A linear regression analysis showed a positive correlation between TC/HDL-C and BMI. Although the effect of BMI on the survival of PD patients is controversial, several studies reported that obesity is associated with a higher risk of all-cause mortality and CVD mortality [38,39]. An additional subgroup analysis was performed based on BMI 23 kg/m2, but no significant results were found (Figure 2). It is conceivable that high TC/HDL-C has no synergistic or additive effect on mortality in patients with high BMI. Statistical significance may not appear because the number of the patients and events in the subgroup according to BMI is not sufficient. However, our study suggests that higher TC/HDL-C could be a risk factor such as BMI for mortality in patients on the maintenance of PD.

However, unlike all-cause mortality, we found no significant association between TC/HDL-C and CV mortality in our study. This may be explained by the relatively low numbers of deaths from CVD in our study, whereas, in the subgroup analysis, CVD patients were predisposed to have higher all-cause mortality rate in the group with a higher TC/HDL-C ratio compared to patients without CVD. Further studies with a larger number of patients are warranted to elucidate the correlation between TC/HDL-C and CV mortality in PD patients.

Further, we found that increased serum TC/HDL-C was an independent risk factor for mortality in the subgroup of old age, female and HDL-C levels less than 38 mg/dL. Old age and female sex are associated with a higher risk of death in patients with PD than with HD [40,41,42]. Although there are few studies about the role of HDL-C in PD patients [9], low HDL-C is a risk factor for mortality in the general population [43,44]. These suggest that the particular subgroups with increased mortality might be more susceptible to altered cholesterol metabolism such as high TC/HDL-C. Further studies are needed to evaluate the impact of TC/HDL-C on mortality in high-risk subgroups.
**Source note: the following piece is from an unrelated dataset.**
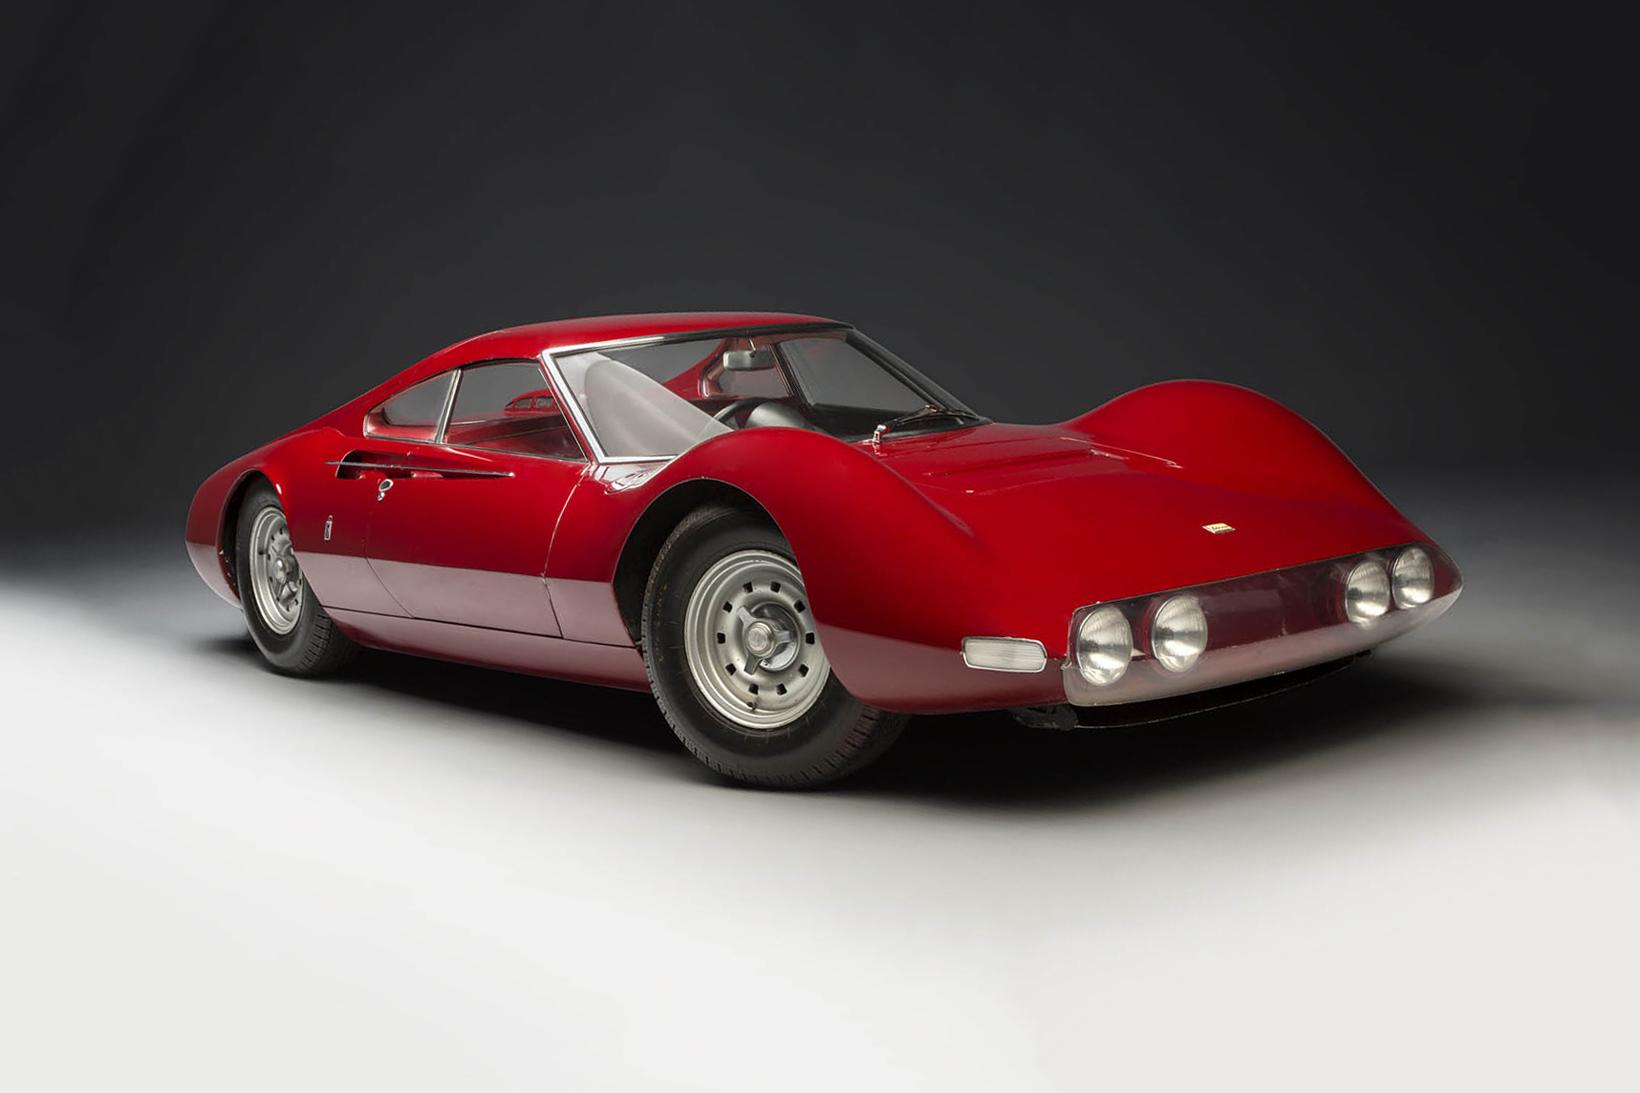 Ferrari Dino 206 Prototype Berlinetta Speciale
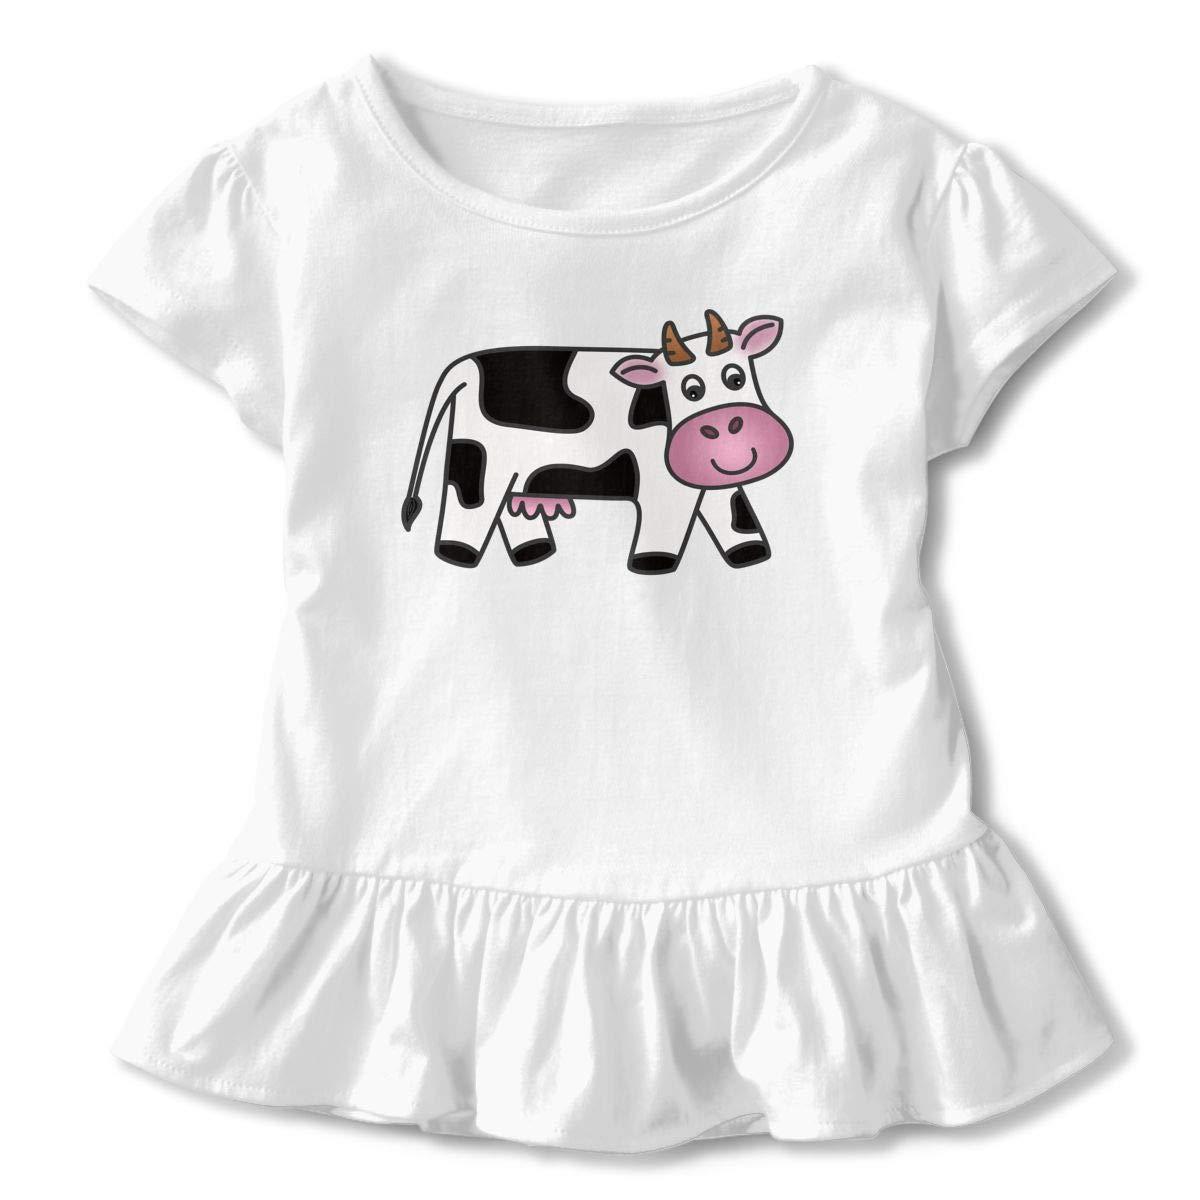 White Milk Cows Cotton Toddler Girls' Short Sleeve Ruffle Tshirts For 2-6T Girl Richard Barajasa

The strengths of this study are its prospective nature with a relatively long follow-up of up to 6 years and the availability of detailed data regarding baseline characteristics, comorbidities, and laboratory variables. However, there are some limitations to this study. First, given the observational nature of this study design, the results should be interpreted accordingly. Second, we did not examine other atherogenic lipoproteins such as Apo B100, which may be more specific to LDL-P. Third, our study comprised only Korean patients, so the conclusions cannot be generalized to other ethnicities. Fourth, this study lacked several important peritoneal dialysis data values that could affect lipid profiles such as peritoneal solute transfer rates, glucose prescription, use of icodextrin, and glycemic control at baseline. Fifth, the use of statins was not investigated in our baseline data. However, several studies show that statin therapy did not significantly reduce the risk of major atherosclerotic events in dialysis patients [37,45,46]. Thus, the prescription for statins would not have much effect on our study results.

5. Conclusions

Higher TC/HDL-C was significantly associated with an increased risk of all-cause mortality in incident PD patients. Further, single lipid markers alone such as TC or HDL-C were unable to predict mortality in PD patients. Although the underlying mechanisms are unclear, the use of inexpensive and readily available non-traditional lipid profiles such as TC/HDL-C may inform risk of mortality in patients with PD.